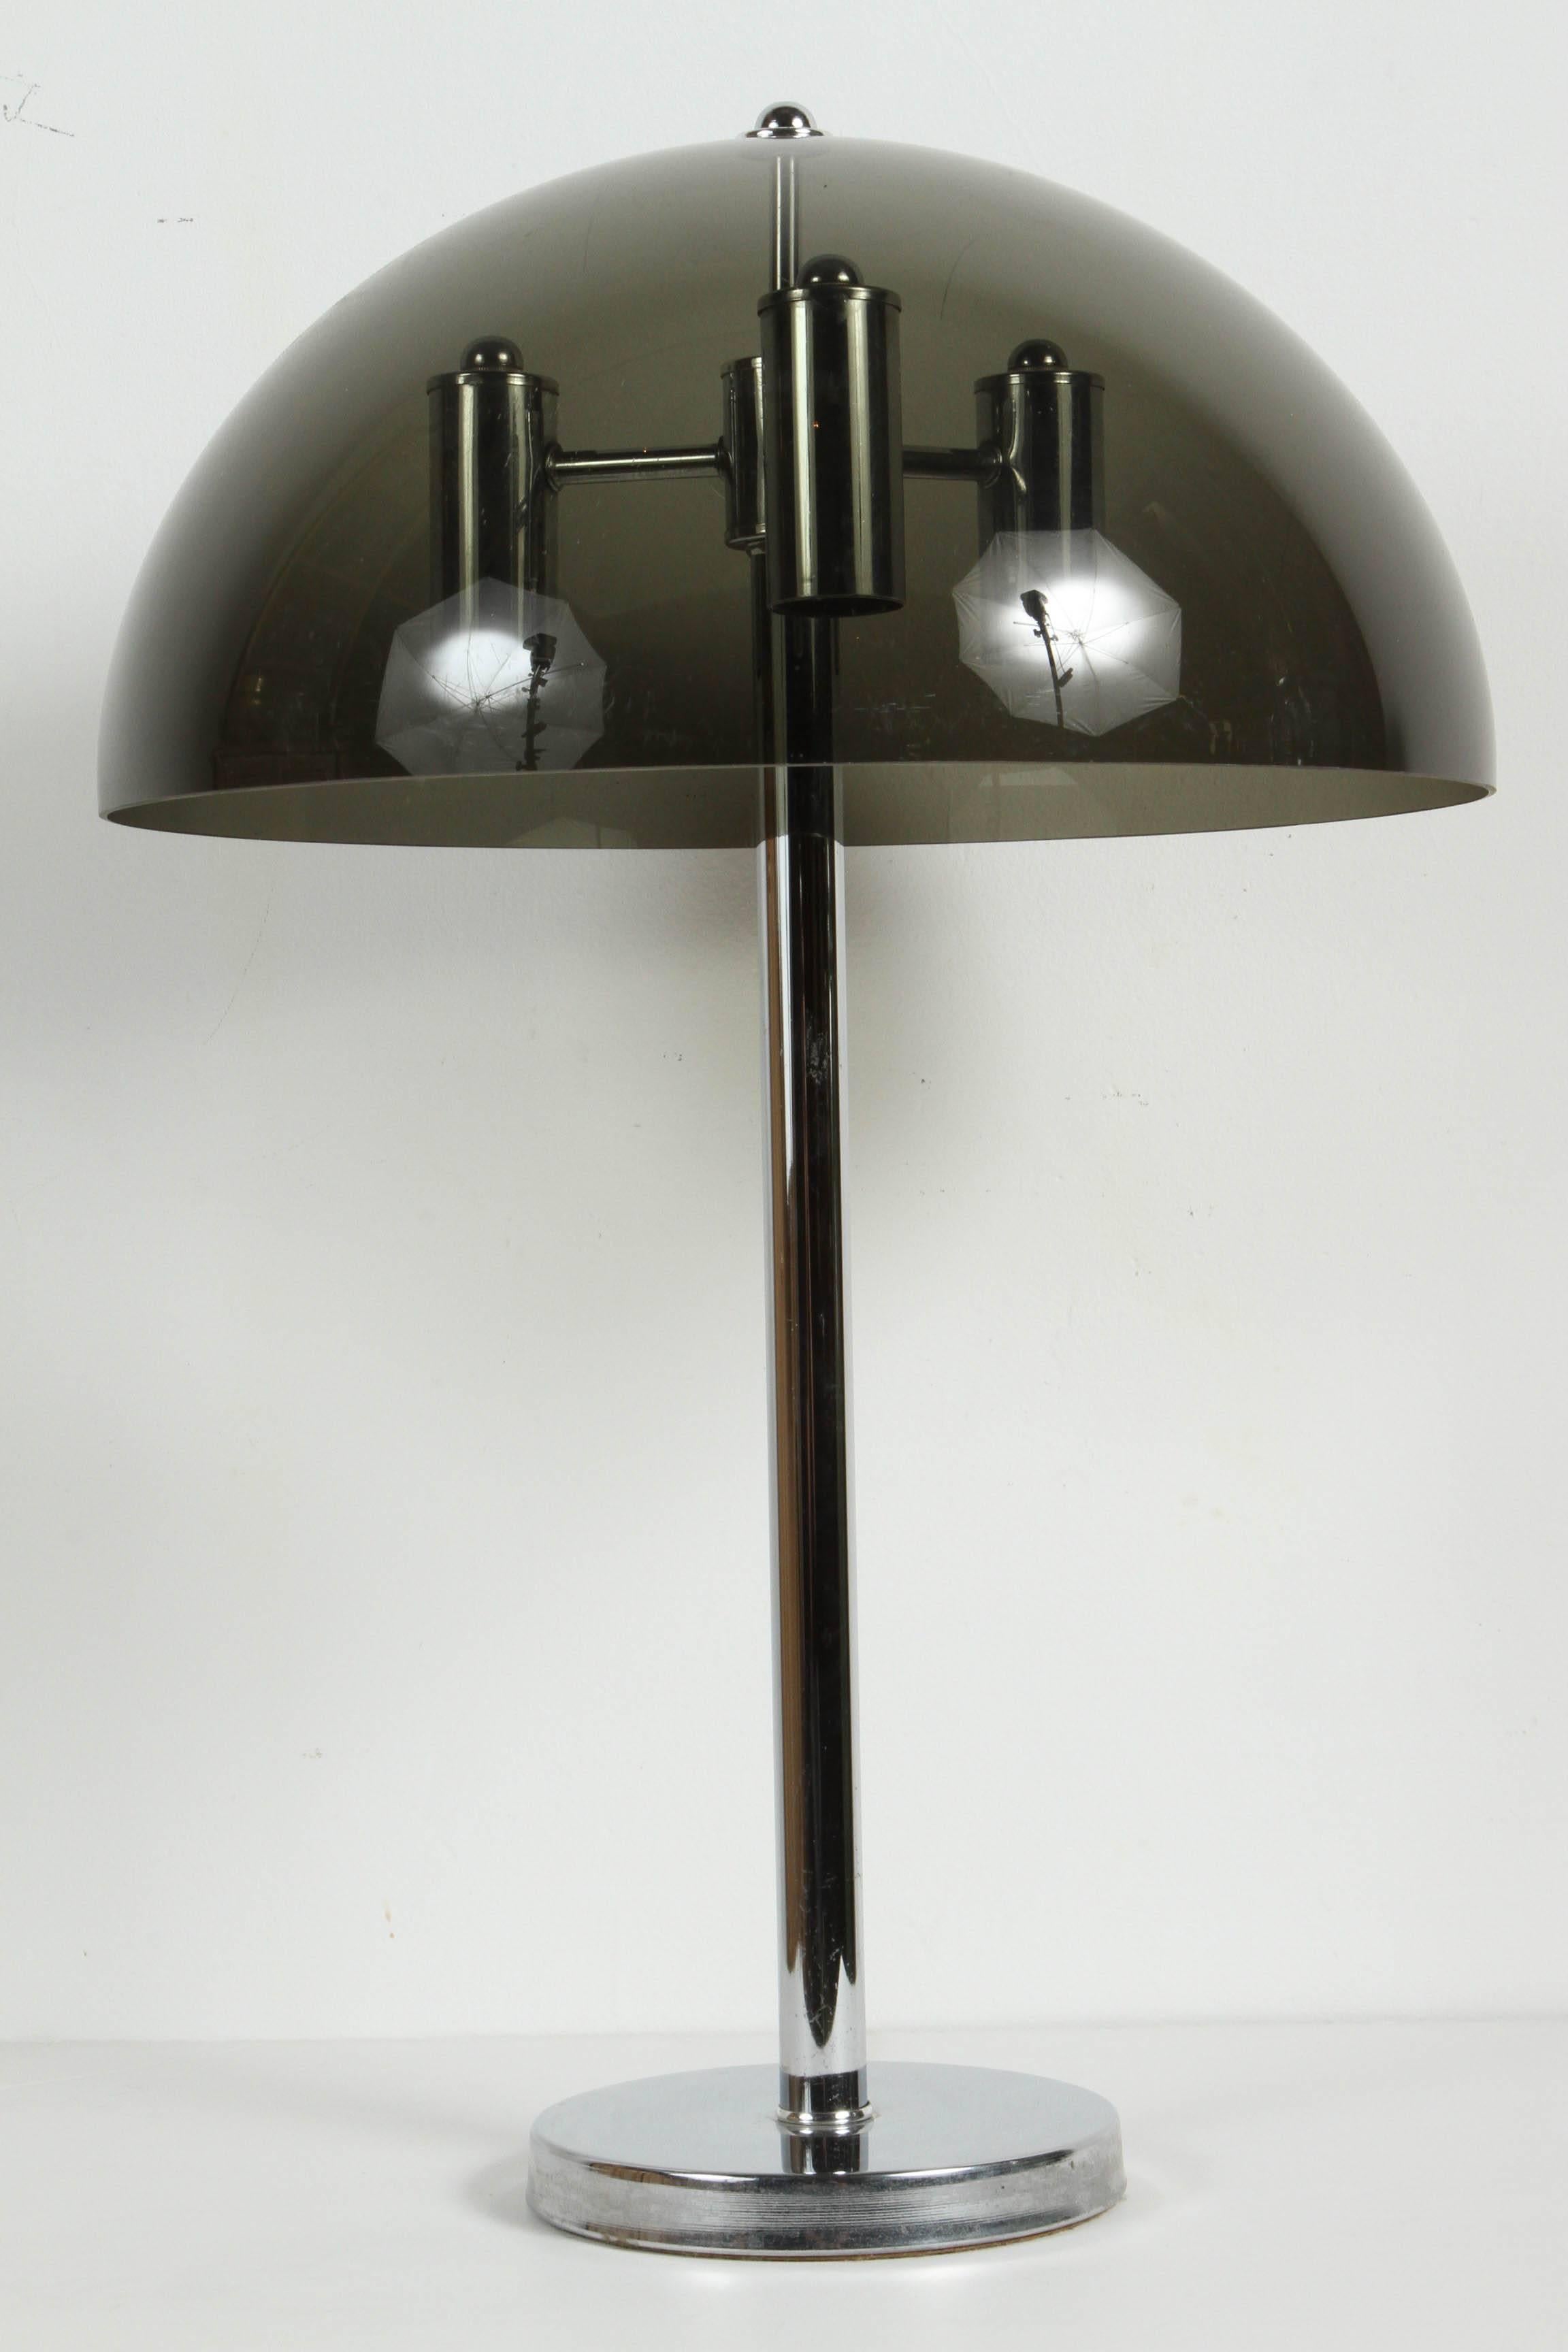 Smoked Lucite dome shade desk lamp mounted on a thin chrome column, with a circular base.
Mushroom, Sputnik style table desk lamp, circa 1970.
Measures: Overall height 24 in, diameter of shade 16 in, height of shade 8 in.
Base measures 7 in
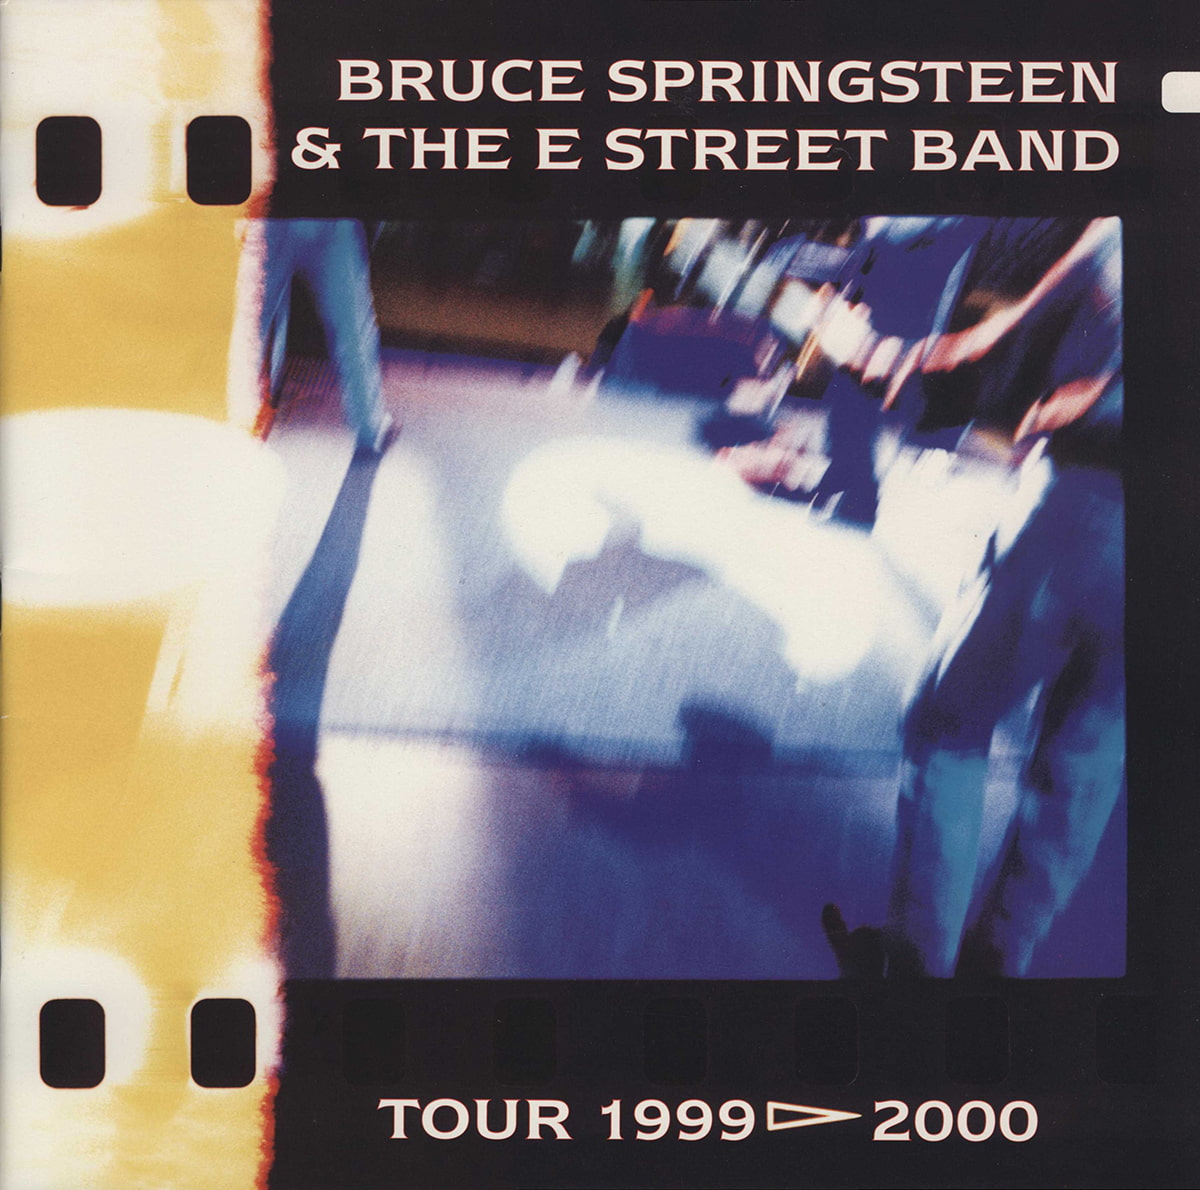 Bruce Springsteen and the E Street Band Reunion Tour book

_What is required:_ An exact copy is needed of every line from the line containing "Measures: Overall height" to the last line of the records; pictures stay out of it.

_Written response:_
Measures: Overall height 24 in, diameter of shade 16 in, height of shade 8 in.
Base measures 7 in
 Bruce Springsteen and the E Street Band Reunion Tour book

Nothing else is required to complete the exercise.